On the concise "Before," with a clean chiming guitar hobbling into a light
spell of salty digital hailstones, Nelson plants his gruff poetic whisper.
"Smallholding" furthers the stormy theme with a nimble electronic patter
that sounds like raindrops falling down on a metal window ledge. An austere
organ
drone emerges alongside rumbling drums and flitting background noises that
mimic the action of a faltering boat propeller slapping against the water.

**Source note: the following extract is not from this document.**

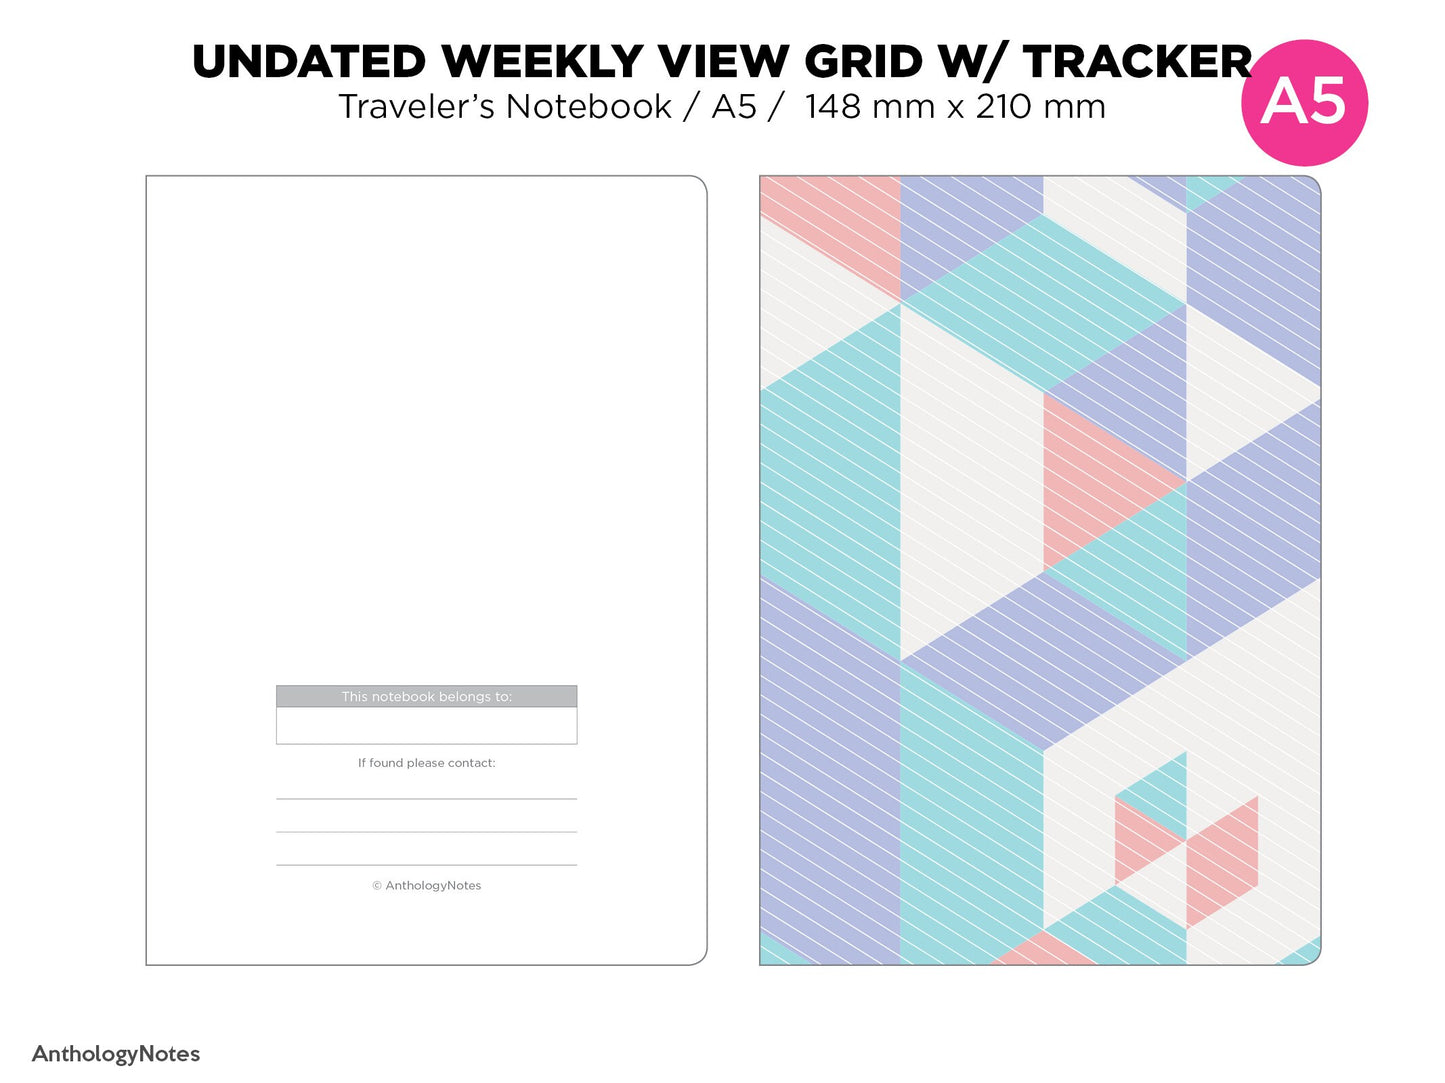 A5 WEEKLY View Vertical GRID with TRACKER undated Printable Insert Traveler's Notebook A5025

All of this is engulfed in a hissing static until a resonant hum drifts into
silence.
Among the streaked synthesizer splutters and sharp high drones of "Hall and
Skylight," the melancholy European hues conveyed by David Max Crawford's
breathy sax and Tim Mulvennas' propulsive drumming (both are contributors to
free-jazz groups the Sinister Luck Ensemble and the Vandermark Five) add a
desirable
variation that was absent on
previous
efforts. Similarly, on "Inside Elevation," lethargic European guitar-plucking
and lonely
melodica tread through a dense
fog of perturbed ambiance, while sporadically slashed at by digital stitches
from an unseen party.
This is "visual" music that evokes walks through ghost towns now swallowed
up by clouds of dust that swim through eroding brick as the trekker,
listening to it all crumble, searches the rubble for some sign of life.
Nelson demonstrates patience by withholding Quiet City's best compositions
until last. As they lace gossamer threads of melody throughout "Retouch,"
aquatic keyboard patterns perform a waltz around Crawford's rough flugelhorn
cries. "Christo en Pilsen" also finds Quiet City perched atop its summit; rhythms chatter and flutter through this iridescent
structure, a lullaby of sorts sung by echoing acoustic guitar and quivering
electronic chirps. An album of distorted tone clusters, occasionally showered by
dissonance, Quiet City finds quiet charms in fading memories.